O uzun uzun anlatırken ben onu dinledim ve aklım hala ondaydı niye onu düşünüyordum ki? anlamıyordum gözlerim dalıp giderken Zeynep parmağını şıklatdı önümde "Hey sen beni dinliyor musun" "A evet evet tabiki devam et" "Bitti ne devam et dinlemiyordun dimi?" "Ya kusura bakma dalmışım" "ameliyatdan daha önemli dalmalarına sebep olan şey ne acaba?" diye sordu "hiçbişey sadece yorgunum" dedim "iyi tamam hadi işin bittiyse çıkalım belki sana gelirim takılırız sende bana şu 'uyuz' kim onu anlatırsın" deyip ağzımı açmama fırsat vermeden kalktı "E hadi"

Hazırlanıp çıktık hastaneden aslında burada sabahlarım diye düşünmüştüm ama gerçekten dinlenmeye ihtiyacım vardı. Arabaya binip eve doğru sürdüm. Anahtarla kapıyı açıp eve girdim ve kendimi koltuğa bıraktım Zeynep de gelip yanıma oturdu ve kafasını sorgularcasına salladı "Ne?" "Ee anlatmıycak mısın?" "Neyi?" "Uyuzu" dedi gülerek yüzümü buruşturup " Ay Zeynep hiç halim yok boşver" dedim yorgun sesimle "Veremem canım anlatacaksın o yüzden mi uzaklara dalıp dalıp gitmeler falan ha söyle bakalım" "yok artık ne alakası var" "e anlat o zaman alakasına ben karar veririm" gözlerimi kısıp ona baktım ve "ben duşa giriyorum sen takıl istediğin gibi" deyip çıktım yukarı "a a bakk kaçıyor musun? böyle kurtuldum zannetme sakın, anlatacaksın, duydun mu? Deniz?"

Arkamdan ne kadar seslense de bakmadım duşa girip sıçak suyu açtım ve altına girdim su bedenimden süzülürken yine düşüncelere daldım acaba ihbara gitti mi? İnatçı o gider, hemen kafamı sallayıp kendime geldim bana ne ya bana ne ki? Ne diye düşünüyorum onu.

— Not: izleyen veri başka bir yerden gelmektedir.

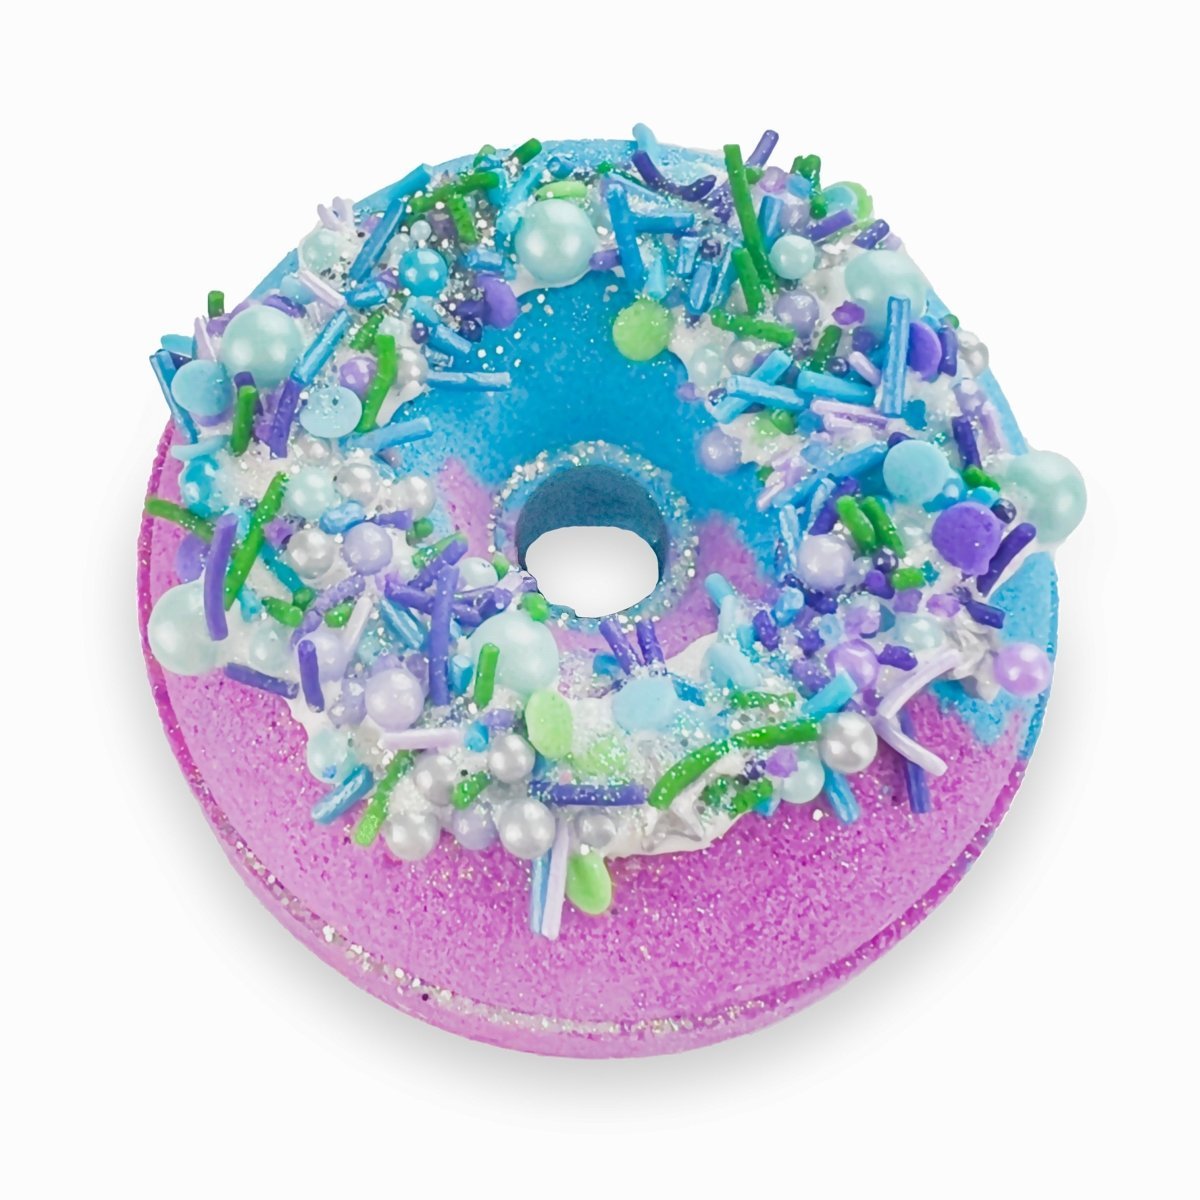 Blackcurrant Donut Bath Bomb for Kids & Adults - Colourful With Sprinkles & Fruit Fragrance - Made in Australia by Bath Box

Kendime gelip duştan çıktım bornozumu geçirip aşağı indim Zeynep televizyon izliyordu bende yanına gidip oturdum ama bana bakmadı "trip mi atıyosun" cevap vermedi gözlerni televizyondan ayırmadan "heey" "yok canım ne trip atıcam" "iyi bari ben uyuyorum sende eve gitme bu saate kal sabah birlikde çıkarız" yine televizyona gözlerini dikti kalkıp önünde dikilip ona baktım dayanamayıp cevap verdi "ayş tamam tamam" " iyi geceler çok gec yatma" "tamam anne" elime yastığı alıp kafasına fırlatdım. O söylenirken yukarı çıkıp odama girdim kendimi yatağa bıraktım.

Azra...
Hastaneden çıkınca yüzümdeki çapkın gülüş gitmemişdi arabaya binerken Yankı bana bakıp göz kırptı "Hayırdır amirim? yüzümdeki gülüşü yok edip arabaya bindim "işine bak işine". Arabayı çalıştırırken beni eve bırakmak konusunda ısrar etdi ama ben onu dinlemeyip merkeze sürmesini istedim "Yankı dom dom kurşunu yemedim sonuçta abartma"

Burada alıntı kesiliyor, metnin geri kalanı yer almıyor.